On his fourth visit this year to Aragonese territory, which he completed with a rally in the afternoon in Huesca, he described the new housing law as "the claudication of the PSOE towards populism and independence". Beyond political considerations, Feijóo pointed out that the rule does not solve the current housing problems – prices will rise and supply will fall, he insisted – and that it does not respond to the illegal occupation of 50 homes that, he said, they pass every day in Spain.

"Populism, price intervention and illegal occupation of housing is not compatible with what the vast majority of citizens who are renting, paying a mortgage" or who have just paid it and do not want anyone to installed in his house "illegally", he added.

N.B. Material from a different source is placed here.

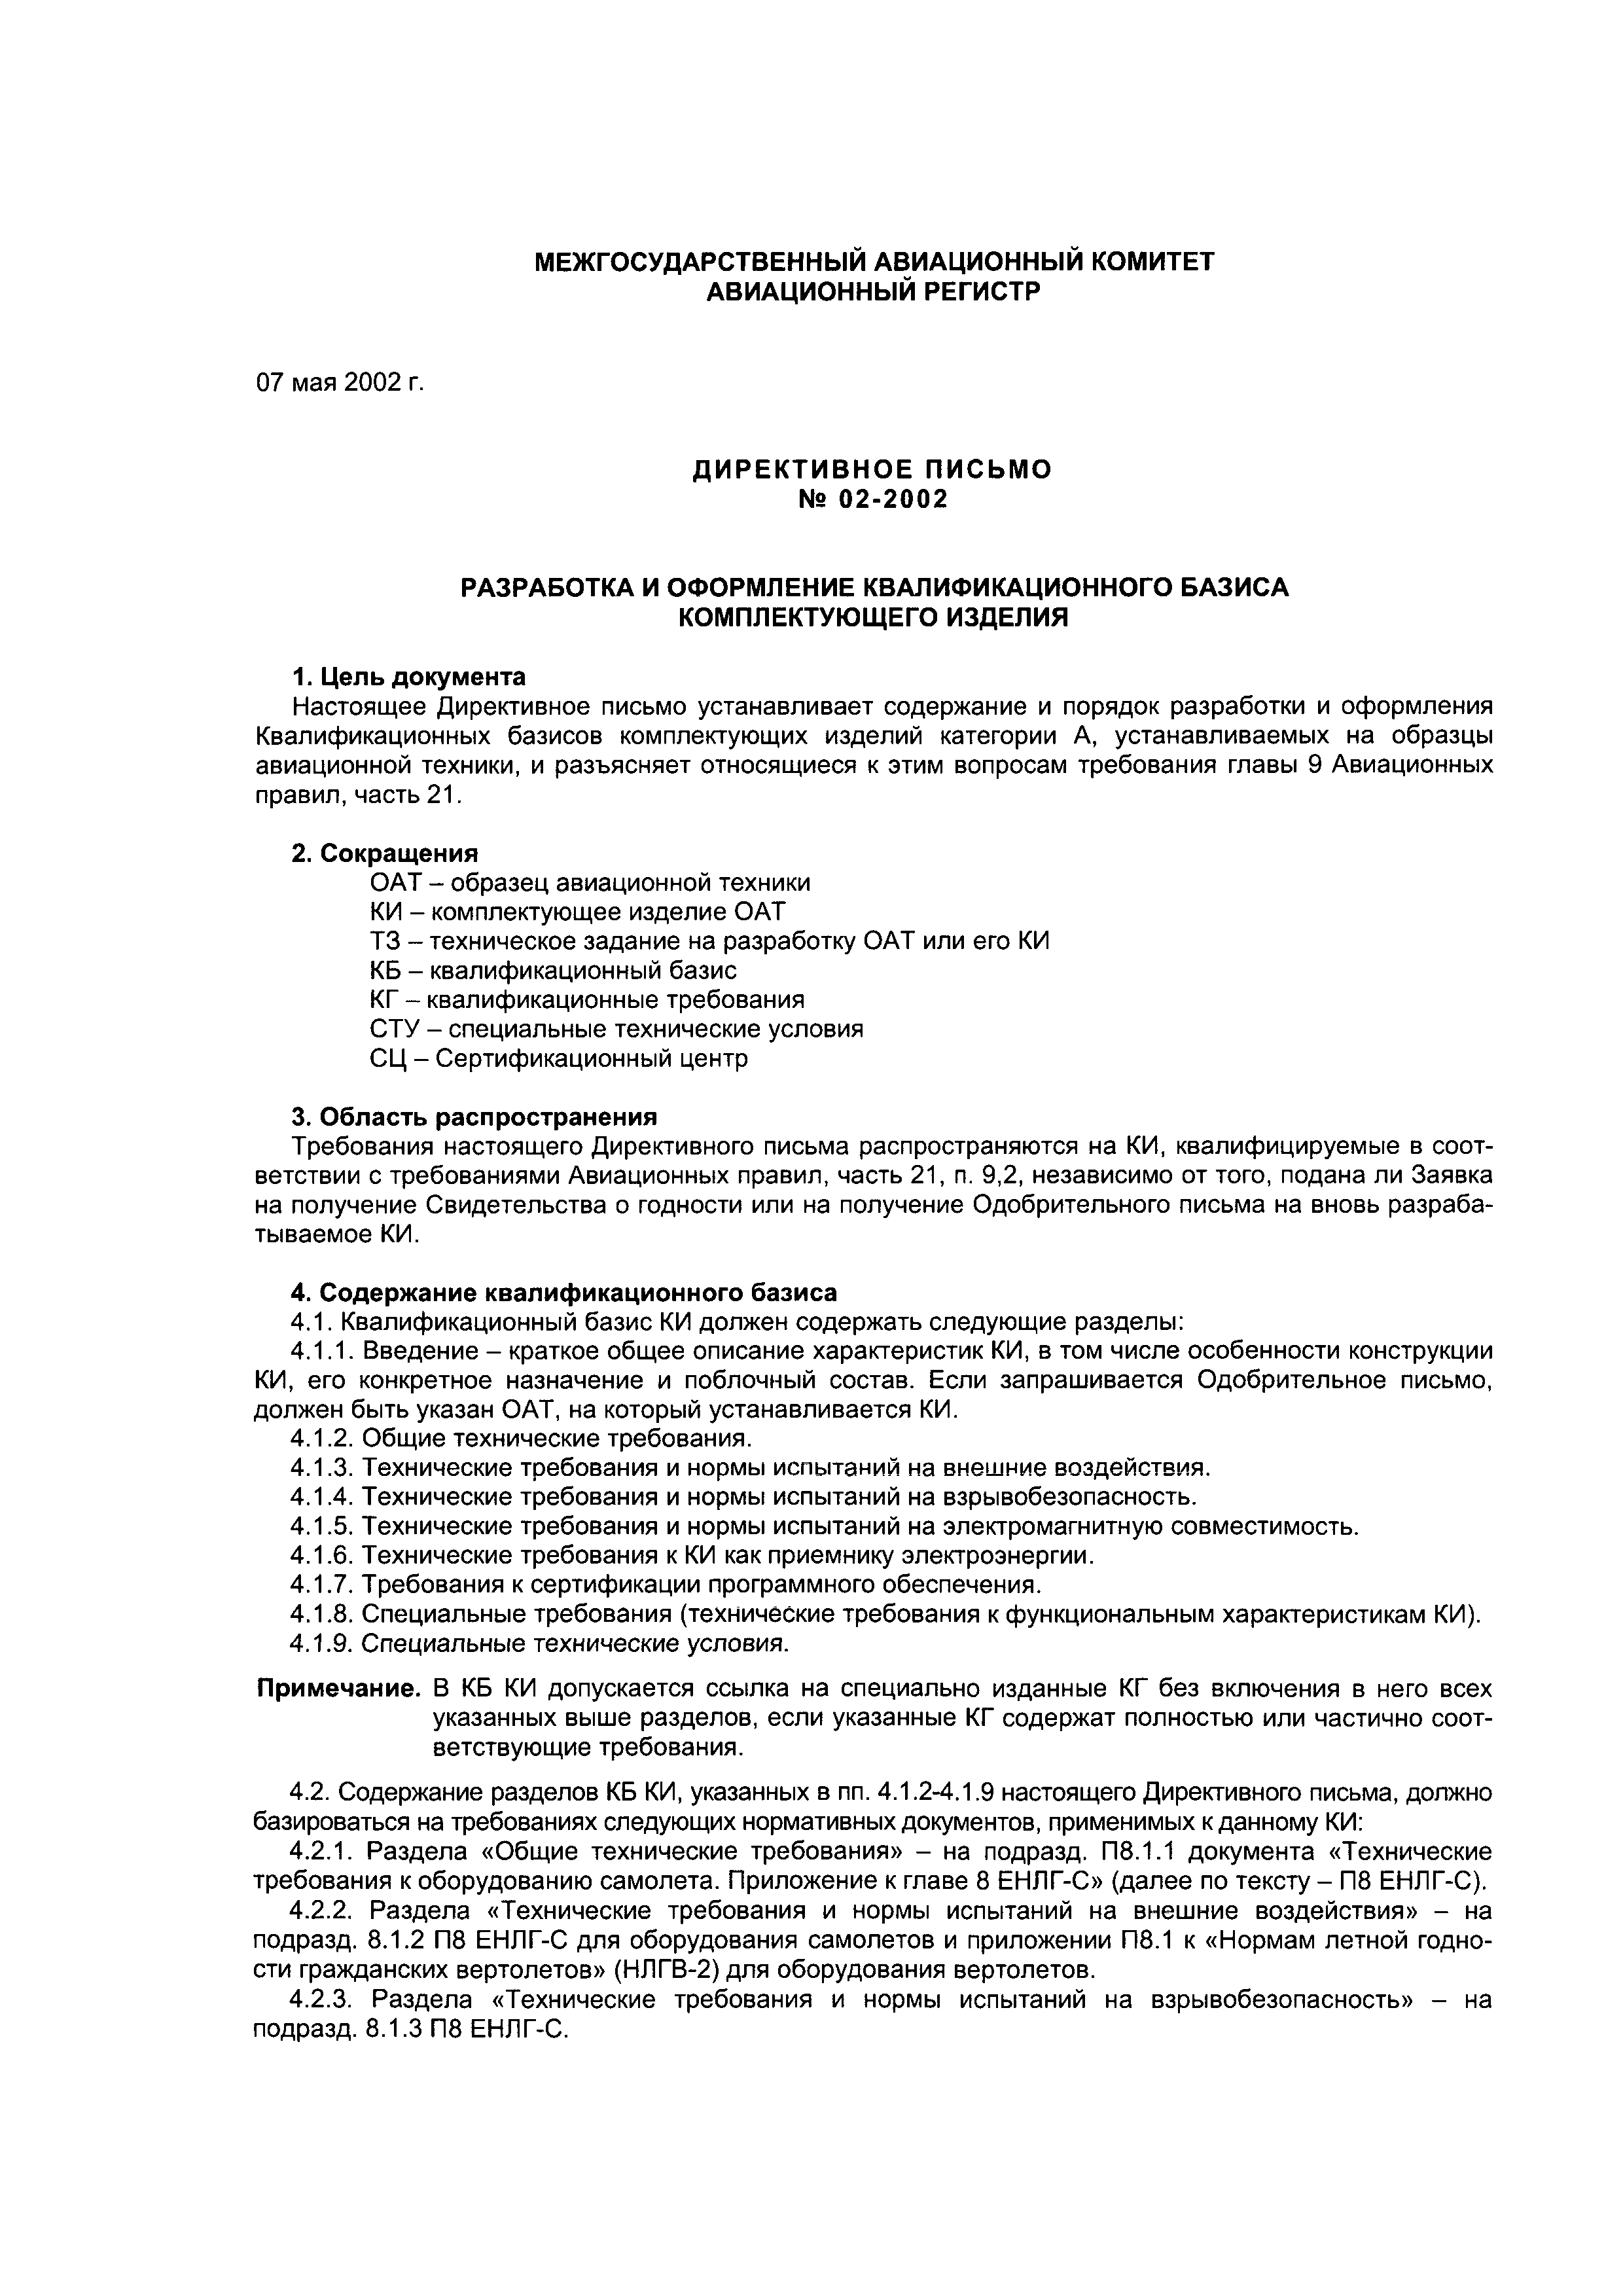 Директивное письмо 02-2002

Faced with the "unfulfilled and reheated" promises of Sánchez, Feijóo assured that he does not plan to make "a single one" if he does not first agree with the town councils, which are the ones who lay the ground, and with the autonomous communities, in charge of 'execute the works. It also influenced his willingness to help young people who want to buy or rent a residence with guarantees and to make municipal land available for housing in order to reduce prices by "up to 40%".

In another order of things, Feijóo defended the attitude of his party in Europe, whose president, Manfred Weber, recently accused the European Commission of "campaigning" the Spanish Government regarding the Andalusian bill on the Doñana park. "I have nothing to add to the position of the first party in Europe (the PPE) and its president", he said. Even so, Feijóo considered it "obvious" that there is "a use of the central Government to campaign", as he believes the two convictions of the Central Electoral Board against the spokeswoman of the Executive for "having held meetings in press conferences of the Council of Ministers".